A world half in darkness. A secret she must bring to light.
It is 2059 and the world has crashed. Forty years ago, a solar catastrophe began to slow the planet's rotation to a stop. Now one half of the globe is permanently sunlit, the other half trapped in an endless night. The United States has colonized the southern half of Great Britain—lucky enough to find itself in the narrow habitable region left between frozen darkness and scorching sunlight—where both nations have managed to survive the ensuing chaos by isolating themselves from the rest of the world.
Ellen Hopper is a scientist living on a frostbitten rig in the cold Atlantic. She wants nothing more to do with her country after its slide into casual violence and brutal authoritarianism. Yet when two government officials arrive, demanding she return to London to see her dying college mentor, she accepts—and begins to unravel a secret that threatens not only the nation's fragile balance, but the future of the whole human race.

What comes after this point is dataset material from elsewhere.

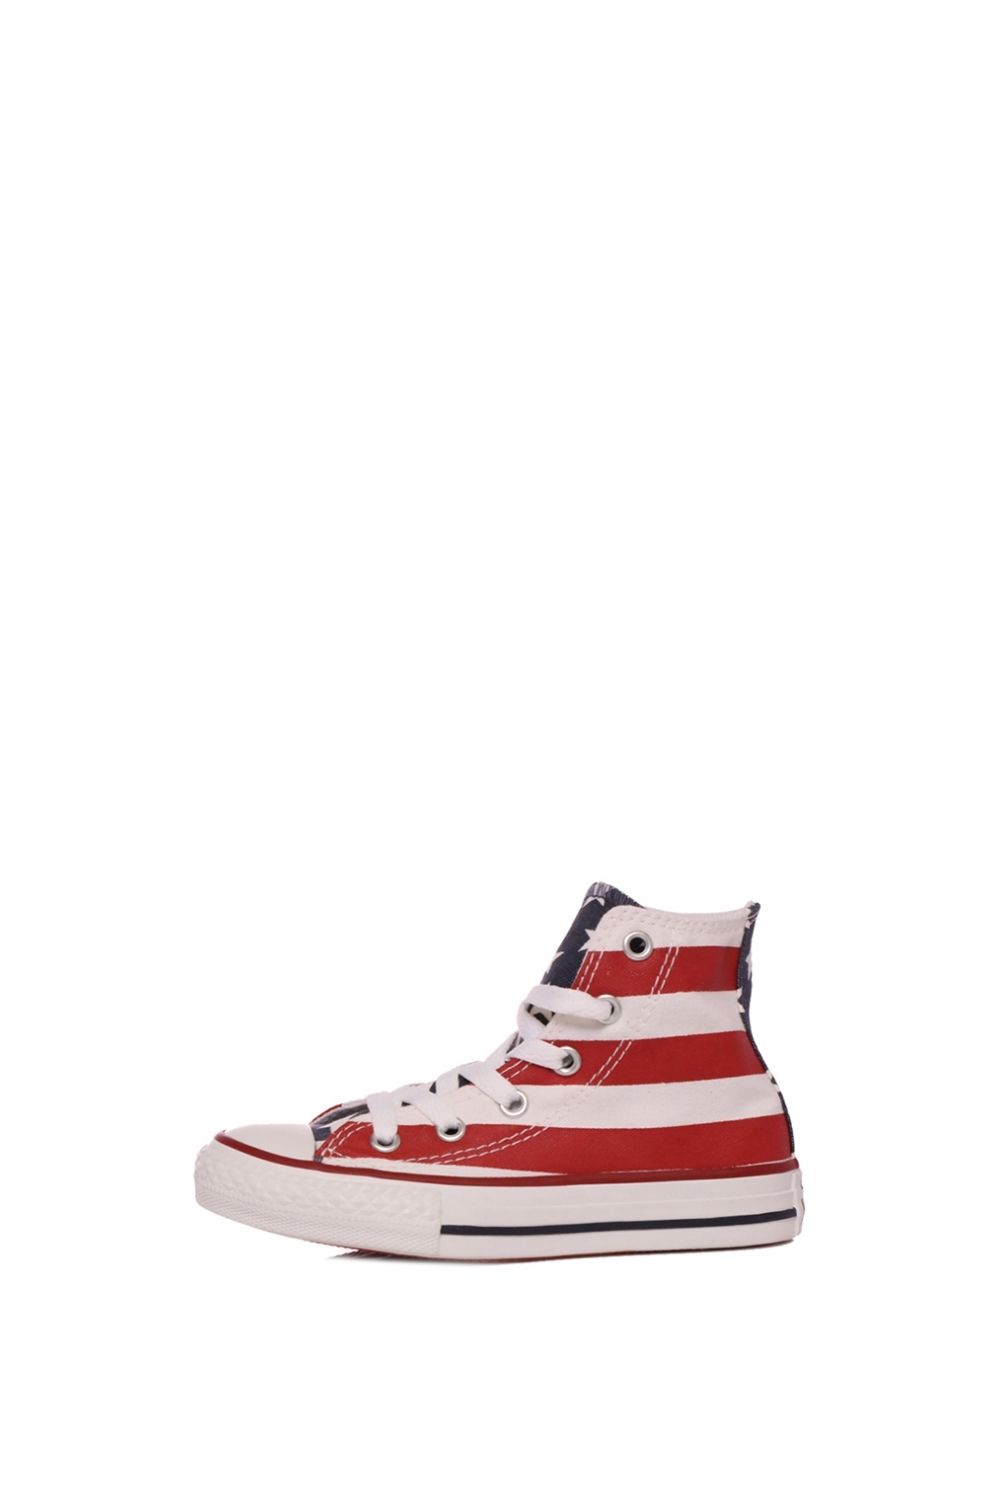 Παιδικά/Boys/Παπούτσια/Sneakers CONVERSE - Παιδικά ψηλά sneakers Chuck Taylor All Star Hi λευκά κόκκινα

“A tantalizing, suspenseful odyssey of frustration, deceit, treachery, torture, hope, despair, and ingenious sleuthing . . . Murray has so thoroughly thought through the ramifications of his conceit and conjured up such a dramatic plot and stellar cast of characters that he might have set a new standard for such tales.”—The Washington Post
PUBLISHERS WEEKLY
Murray's impressive eye for detail compensates for the scientifically preposterous premise of his debut. When a "rogue" white dwarf star passed dangerously close to Earth, it left the planet half scorched in sunlight and half frozen in darkness, with humanity barely hanging on in the dim zone between the extremes. Forty years after the disaster, dubbed "the Stop," Britain, in the middle zone, has descended into fascism. Depressed scientist Dr. Ellen Hopper conducts oceanic research on a rig in the North Sea, despite feeling her work is pointless. When Hopper is summoned to the deathbed of her Oxford mentor, Edward Thorne, a government scientist responsible for the deaths of countless refugees after the Stop, she catches wind of a secret that could spell further disaster for humankind. To save what's left of the world, Hopper launches an investigation into the government secret, rediscovering her hope for humanity along the way. Murray's despairing characters are convincing and his descriptions of the broken Earth are vivid, but his apocalypse is too conceptually contrived to be believable. Readers will easily invest in Hopper's mission, but will struggle to buy into Murray's vision of the future.